The River Foss is an improved river in North Yorkshire, England, and a tributary of the River Ouse. It rises in the Foss Crooks woods near Oulston reservoir close to the village of Yearsley and runs south through the Vale of York to the Ouse. The name most likely comes from the Roman word Fossa, meaning ditch[1] and is mentioned in the Domesday Book.[2]

The responsibility for the management of the river's drainage area lies with the Foss Internal Drainage Board (IDB). It has responsibility for the area from Crayke to the pre-1991 city boundary of York covering 9,085 hectares and 162.54km of waterways. The Foss IDB is itself part of the York Consortium of Drainage Boards that oversees 10 IDB's in the Yorkshire region.[3]
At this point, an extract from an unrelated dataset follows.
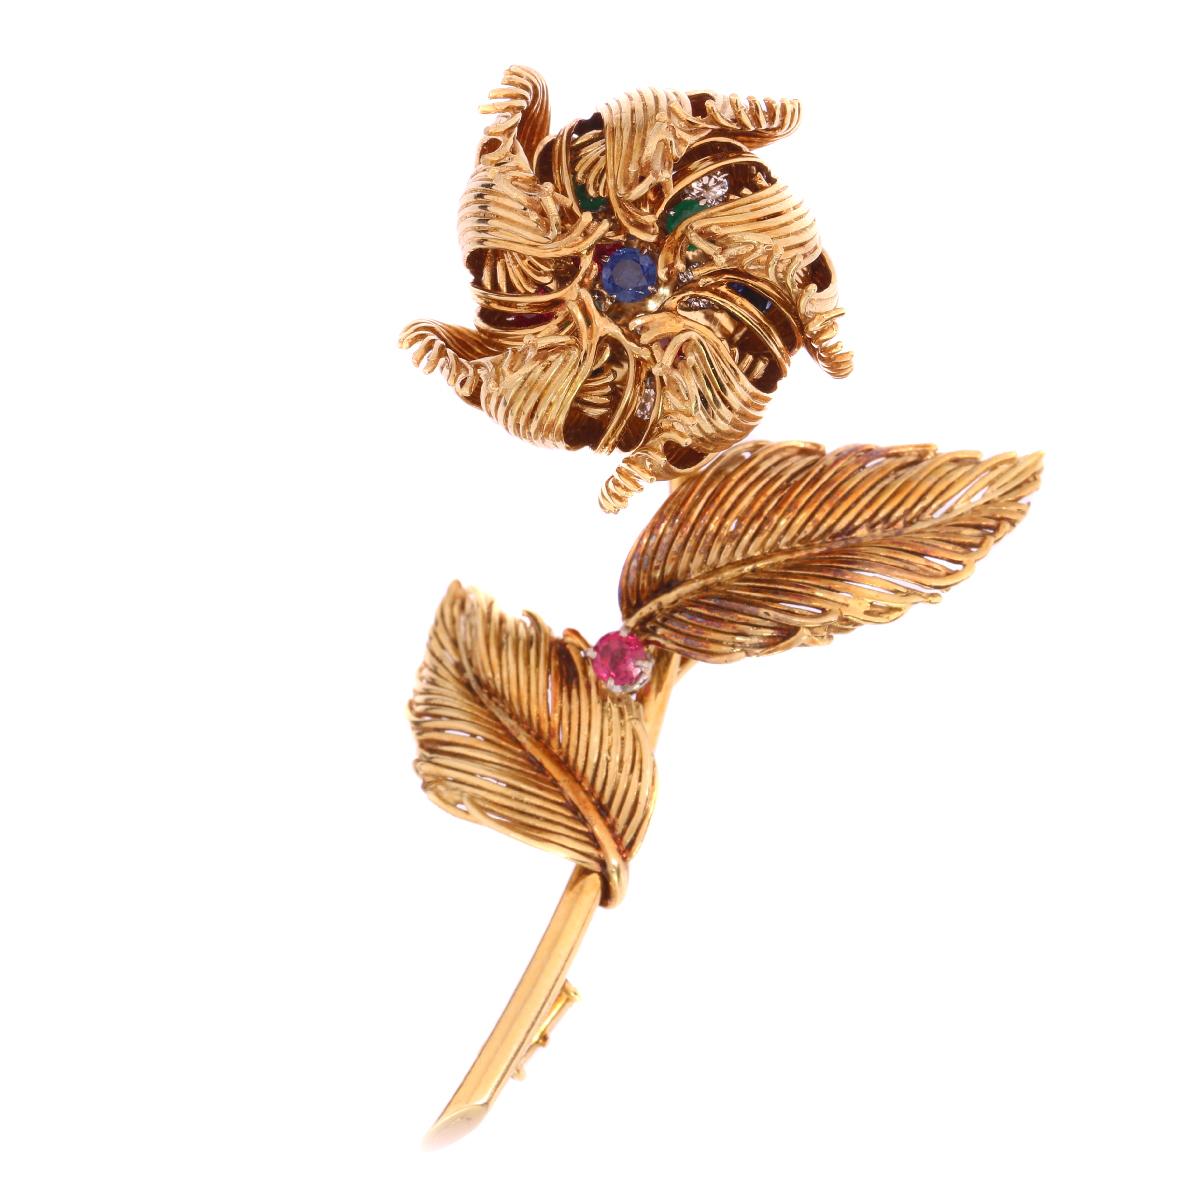 Retro Signed Cartier Vintage Trembleuse Brooch Moveable Flower That Opens or Closes For Sale

The typical river level range at the Foss Barrier is between 5.05m and 7.90m. The highest river level recorded at this location was 10.20 metres and the river level reached 9.34 metres on 23rd Jan 2008.[4]



The source of this river is a spring situated in the Howardian Hills adjacent to, and flowing into, Oulston Reservoir near Newburgh Priory, 4 miles (6.5 km) north of Easingwold. From there to the Blue Bridge in York, where it joins the River Ouse, it is 19.5 miles (31 km) in length. For part of its way it runs close to the B1363 between Brandsby and Stillington. The river flows in a series of wide meanders in southerly direction for most of its course towards York. As of 2010 the river is only navigable for some 1.5 miles (2 km) upstream of Castle Mills Lock. The bridges by Peasholme Green and Foss Bank restrict the headroom to an air space of 2.4 metres.

River modifications

The Foss Barrier is built across the river near its mouth at Castle Mills. When closed, it prevents floodwater from the River Ouse flowing up the Foss and flooding parts of York. Water flowing down the Foss can be pumped over the top of the barrier and into the Ouse. Castle Mills Lock is 34 metres long and 6 metres wide. There are mooring points in the lock basin on the River Ouse side with overnight mooring on the River Foss prohibited. Beyond Rowntree Wharf there are few opportunities for turning.[5]